Кривая улыбка, больше похожая на искаженную гримасу, промелькнула на её лице. Устремив взгляд на остывающий чай, запах которого даже не ощущала, словно и это чувство отключилось вместе с прочими, когда внутри осталось лишь желание мести, Катерина накрыла пальцами изумруд помолвочного кольца.

– Именно потому я пришла к тебе. Я не хочу, чтобы Борис Петрович добрался хоть до кого-то близкого мне. Но это то, что мы должны решить вместе.

В поднятых на него болотно-зеленых глазах Дмитрий увидел что-то, чего доселе в них не существовало.

Пугающую своей силой готовность.

***

Берлин, Бранденбург, год 1864, сентябрь, 2.

На сей раз военные маневры дались Николаю особенно трудно: виной ли тому общая усталость, что властвовала над ним еще с момента отъезда из Царского Села, недавний приступ или же тяжелый взгляд отца, преследовавший ежеминутно оба дня, даже когда тот совсем не смотрел на сына – но это не отменяло крайне подавленного настроя и желания поскорее оказаться в тишине и хоть ненадолго расслабить окаменевшие мышцы. Нескольких часов сна совершенно не хватало для восстановления: еще засветло, в пять утра, цесаревич должен был находиться на коне и до самого вечера не имел возможности покинуть седла, а после еще и был вынужден присутствовать за королевским столом. На второй же день этой пытки и вовсе пришлось посетить театр, и это был почти единственный раз, когда представление не просто не принесло никакого удовольствия, но и вовсе не запомнилось.

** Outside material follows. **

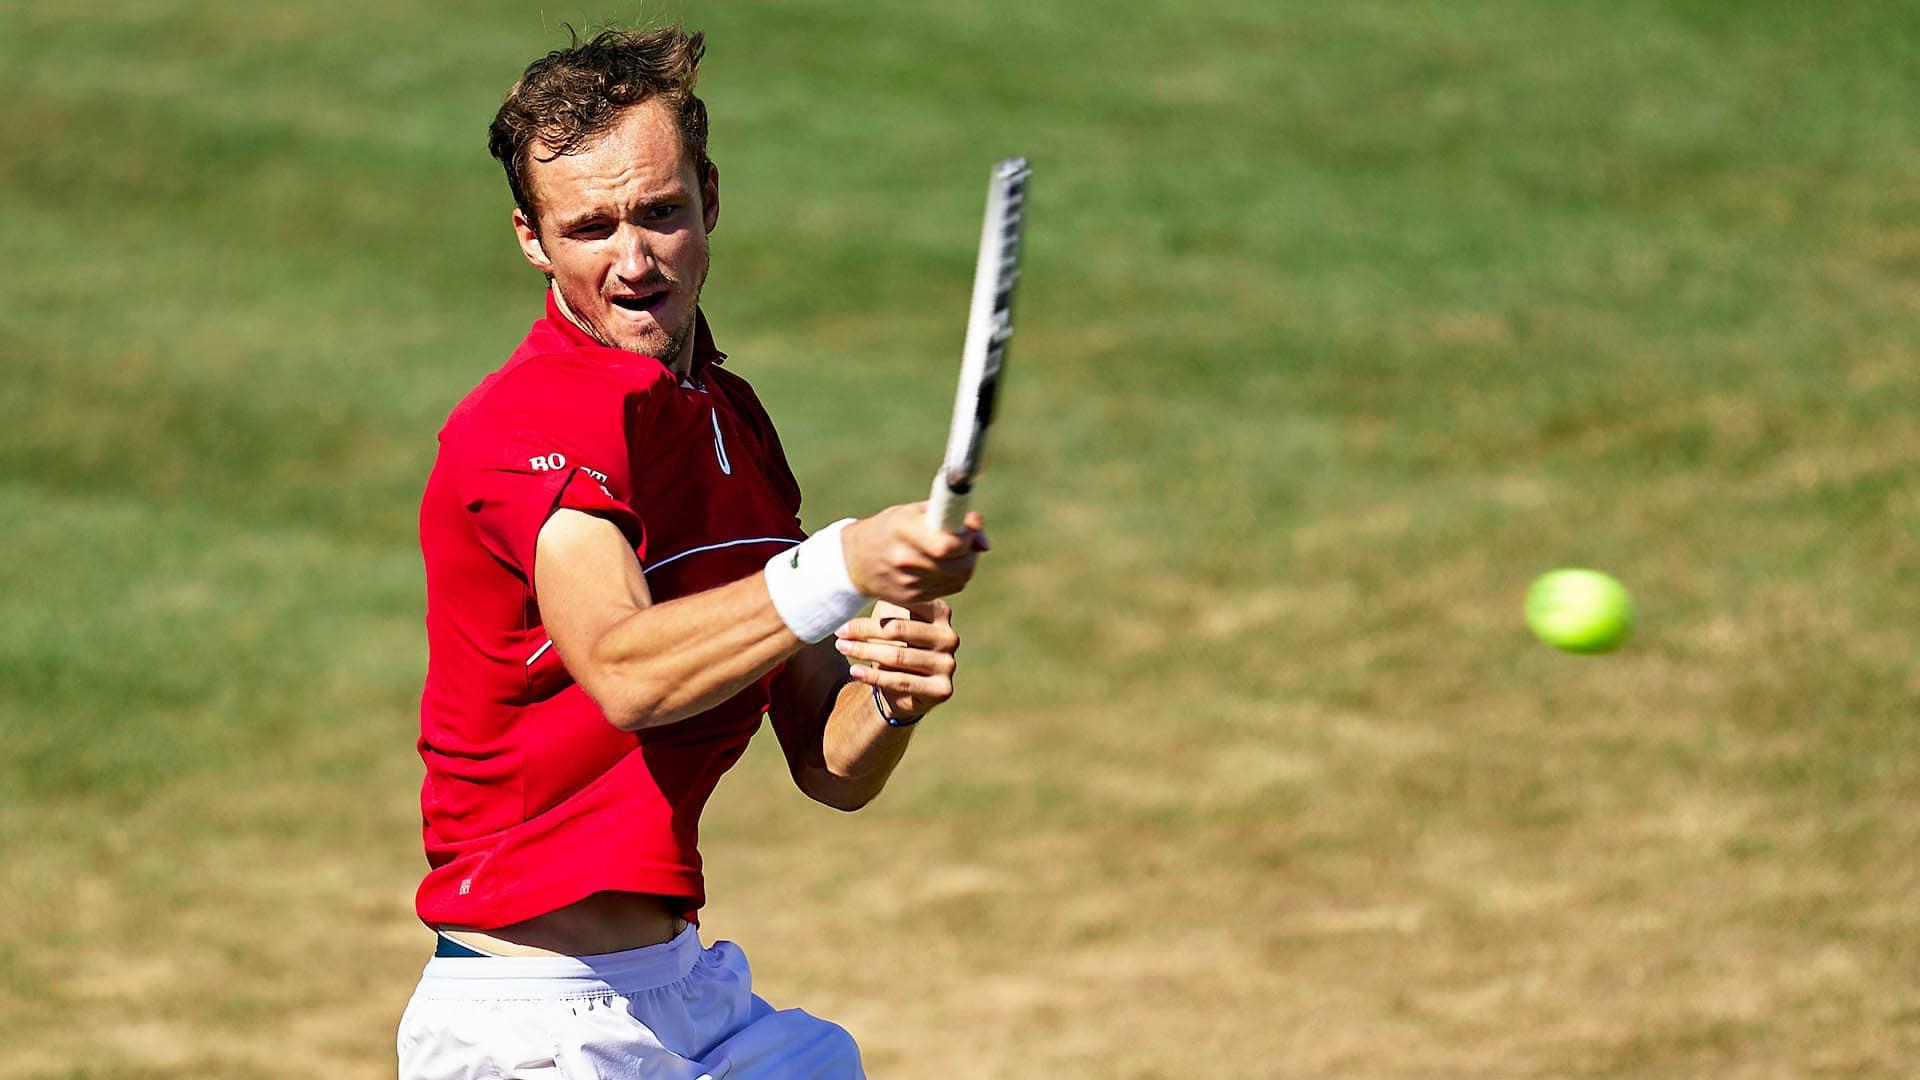 Mallorca Open 2021: Daniil Medvedev vs. Pablo Carreno Busta Tennis Pick and Prediction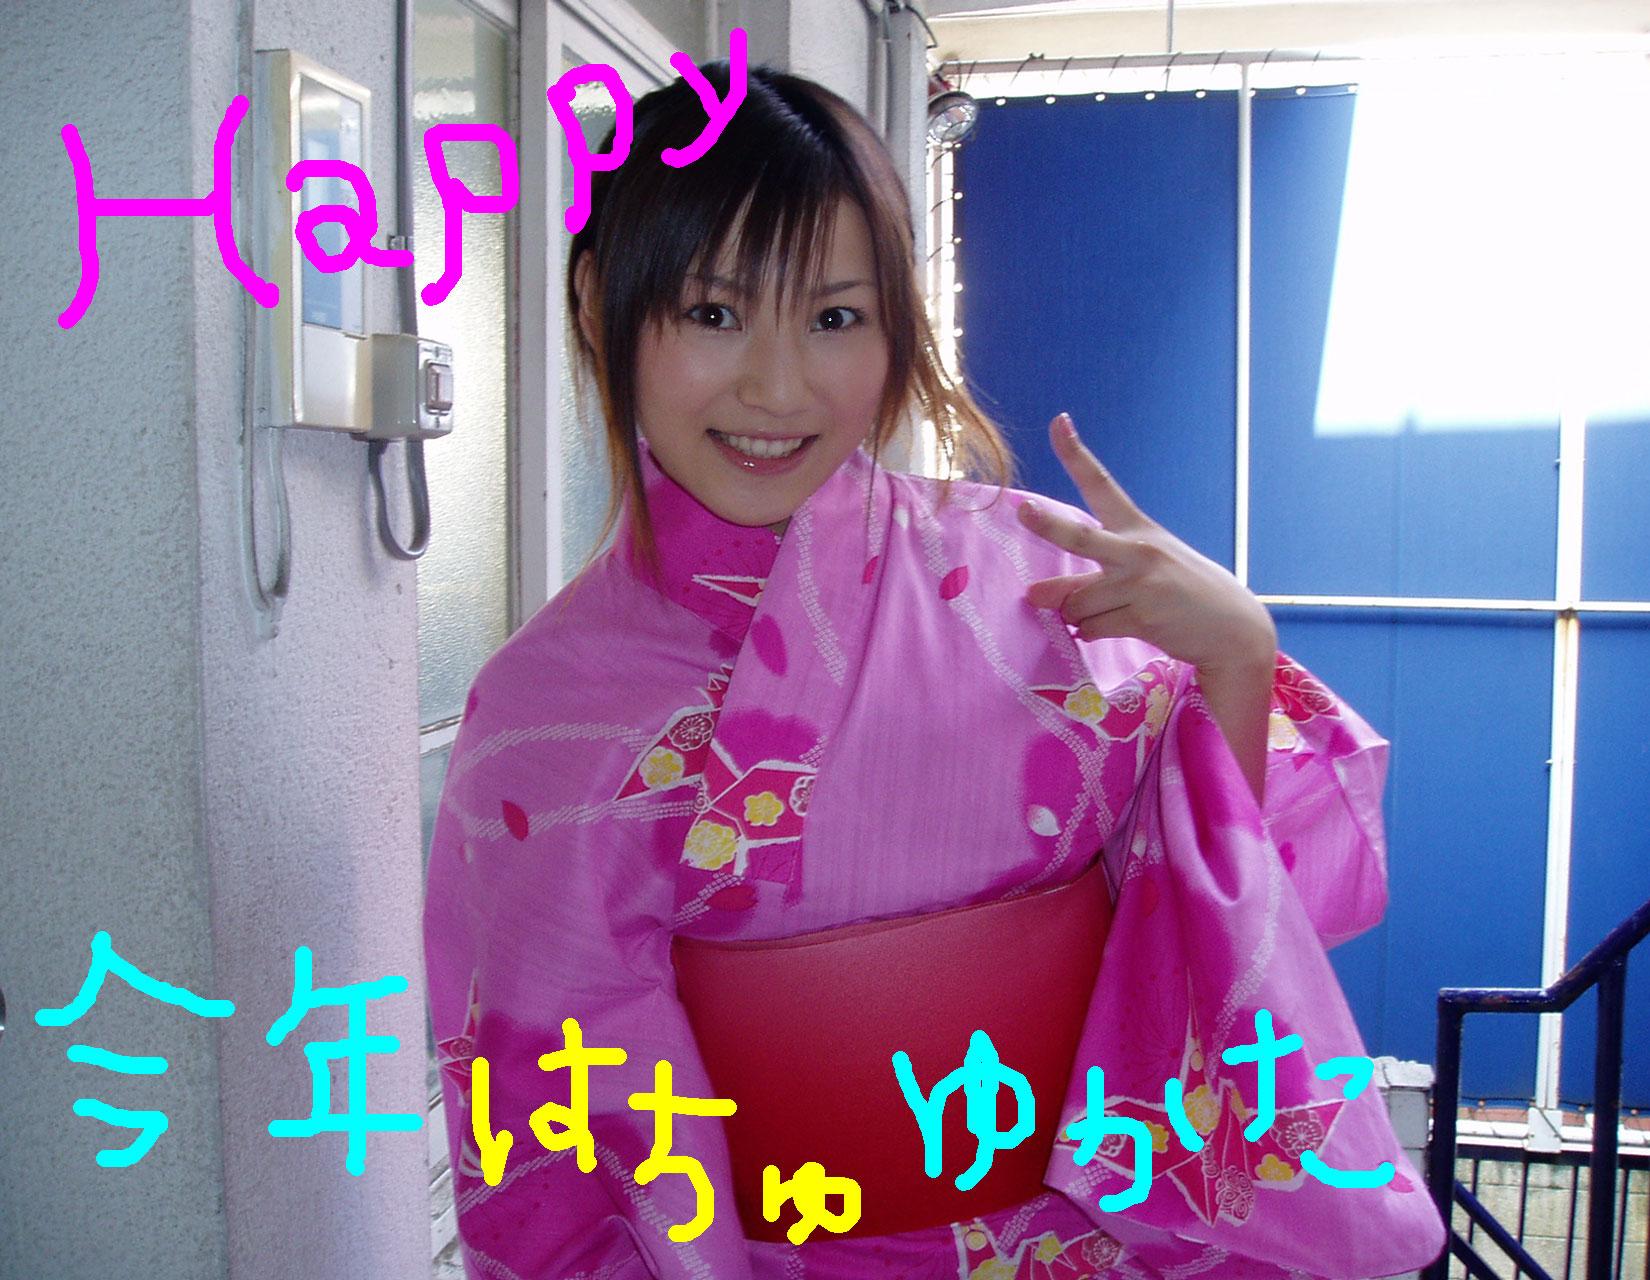 女の子っぽく(≧∀≦)_c0038100_1458967.jpg

Напрасно Николай силился никоим образом не выдать своего состояния – изредка проявляющиеся вспышки боли в спине, сначала едва ли заметные, но к концу второго дня серьезно усилившиеся, заставляли его меняться в лице, пусть даже на доли секунды. Держать идеальную осанку и благосклонную улыбку становилось все труднее, когда перед глазами все затуманивалось и темнело.

Нельзя.

Единственное слово набатом отдавалось в гудящей голове ежеминутно, напоминая о его статусе, о его долге, о его обязанностях. Он не мог дать слабину.

Хотя бы потому, что слышать упреки отца было попросту невыносимо.

– Напрасно твое воспитание я отдал в руки твоей матери. Не сын, а барышня кисейная.

Каждая фраза – пощечиной. Уже давно не больно, уже давно не в новинку, но все еще неясно – почему с такой силой. Однако куда больше бьет упрек в сторону матери, которая не заслуживала подобных слов, пусть даже косвенно её задевающих.

Стиснув зубы,

цесаревич постарался утихомирить всколыхнувшийся внутри гнев: он уже научился принимать недовольство отца (или государя?) в свой адрес, даже не ожидая, что когда-то услышит похвалу. Но тот, кто был причиной бесконечной и убивающей боли для Марии Александровны, не имел права хоть как-то осуждать её. Она сделала для всех детей, особенно для сына-первенца, куда больше, чем кто бы то ни было смог представить. Особенно Император.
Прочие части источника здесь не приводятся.